Perform a one-way ANOVA analysis, testing at the 0.05 level. Also, calculate the mean number of sick days for each group. Describe your results. .

Group Sick days per year
Placebo: 7, 4, 6, 8, 6, 6, 2, 9
Flu Shot 1: 5, 3, 3, 5, 4, 7, 3, 3
Flu Shot 2: 2, 4, 1, 2, 2, 1, 2, 5

To perform a one-way ANOVA analysis and calculate the mean number of sick days for each group, you can follow these steps:

Step 1: Set up the hypothesis:
- Null hypothesis (H0): There is no significant difference in the mean number of sick days among the groups.
- Alternative hypothesis (Ha): There is a significant difference in the mean number of sick days among the groups.

Step 2: Calculate the mean number of sick days for each group:
- Placebo group: 7, 4, 6, 8, 6, 6, 2, 9. Calculate the mean by adding the sick days and dividing by the number of observations (8).
- Flu Shot 1 group: 5, 3, 3, 5, 4, 7, 3, 3. Calculate the mean by adding the sick days and dividing by the number of observations (8).
- Flu Shot 2 group: 2, 4, 1, 2, 2, 1, 2, 5. Calculate the mean by adding the sick days and dividing by the number of observations (8).

Step 3: Calculate the sum of squares (within groups) and degrees of freedom:
- Sum of squares (within groups) is the sum of the squared deviations from each observation to the mean of the respective group.
- Degrees of freedom (within groups) can be calculated by subtracting the number of groups from the total number of observations.

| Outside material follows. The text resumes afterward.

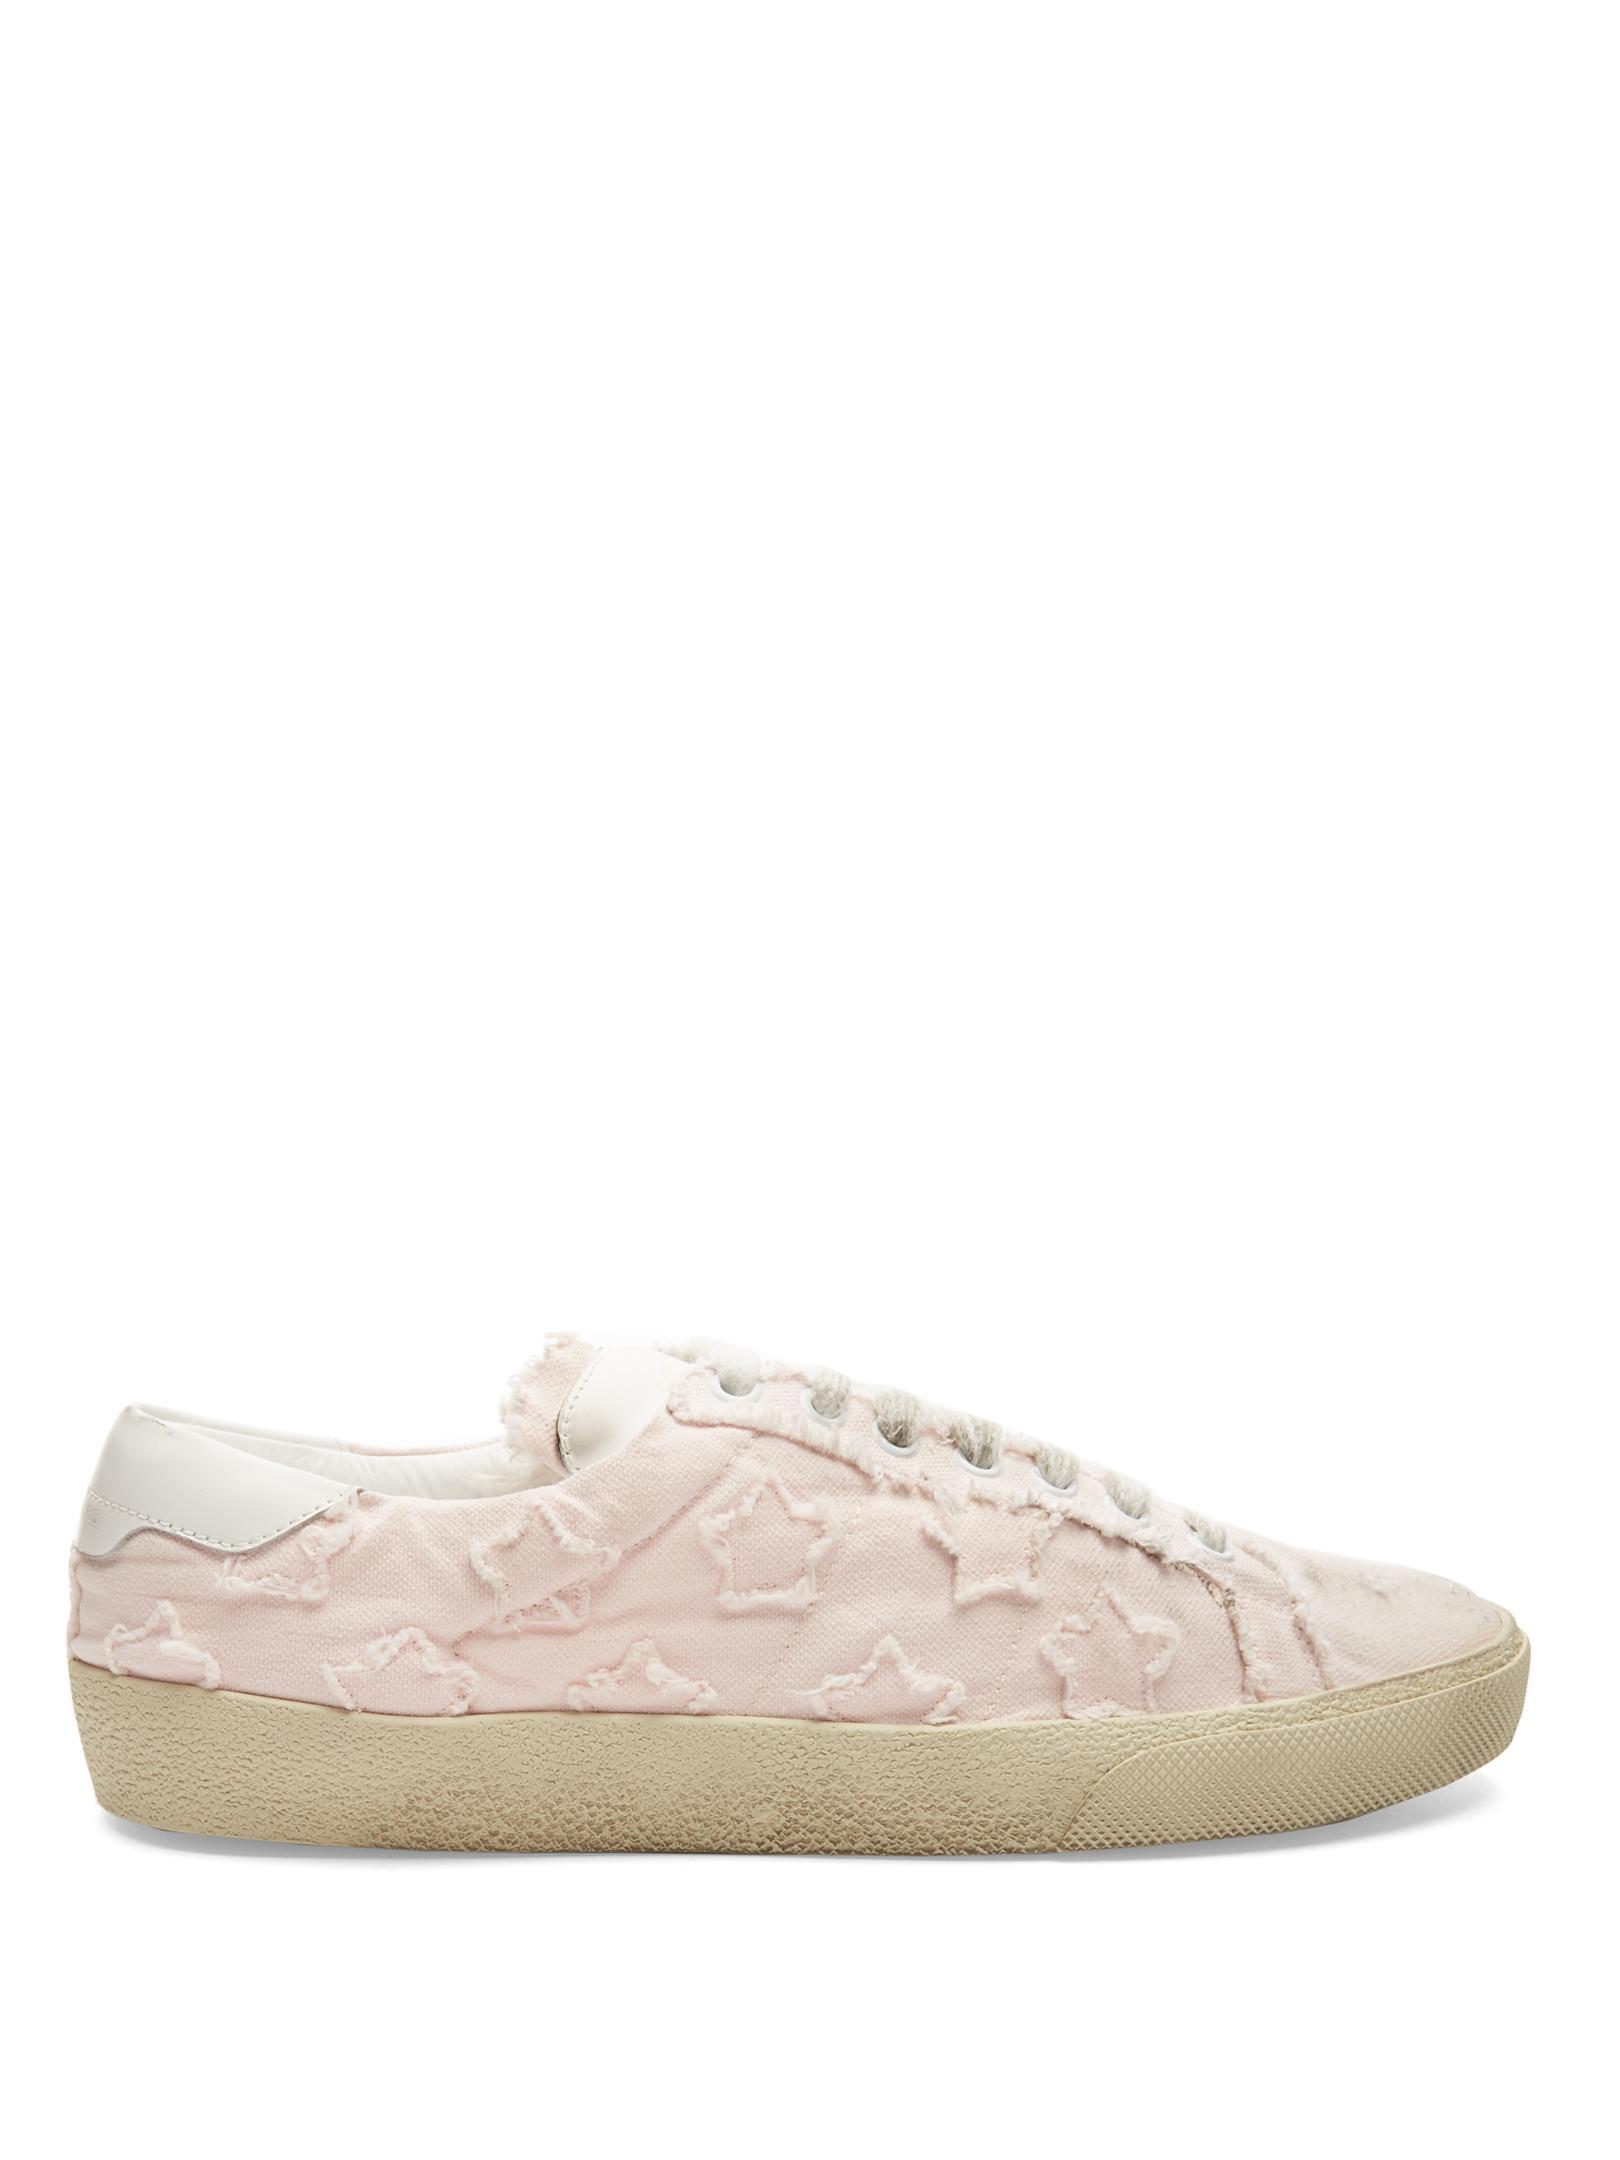 Cream Court Shoes Low Heel Australia

Step 4: Calculate the sum of squares (between groups) and degrees of freedom:
- Sum of squares (between groups) is the sum of the squared deviations of each group mean from the overall mean, weighted by the number of observations in each group.
- Degrees of freedom (between groups) can be calculated by subtracting 1 from the number of groups.

Step 5: Compute the F-statistic and the p-value:
- The F-statistic is the ratio of the mean sum of squares (between groups) to the mean sum of squares (within groups).
- The p-value is the probability of observing a test statistic as extreme as the one computed, assuming the null hypothesis is true.

Step 6: Compare the computed F-statistic with the critical value of the F-distribution:
- Determine the critical value of the F-distribution corresponding to the desired significance level (in this case, 0.05) and the degrees of freedom for both the numerator (between groups) and denominator (within groups).
- If the computed F-value is greater than the critical value, reject the null hypothesis. Otherwise, fail to reject the null hypothesis.

Once you have performed the above steps, you can describe your results based on the outcome of the hypothesis test and provide interpretations.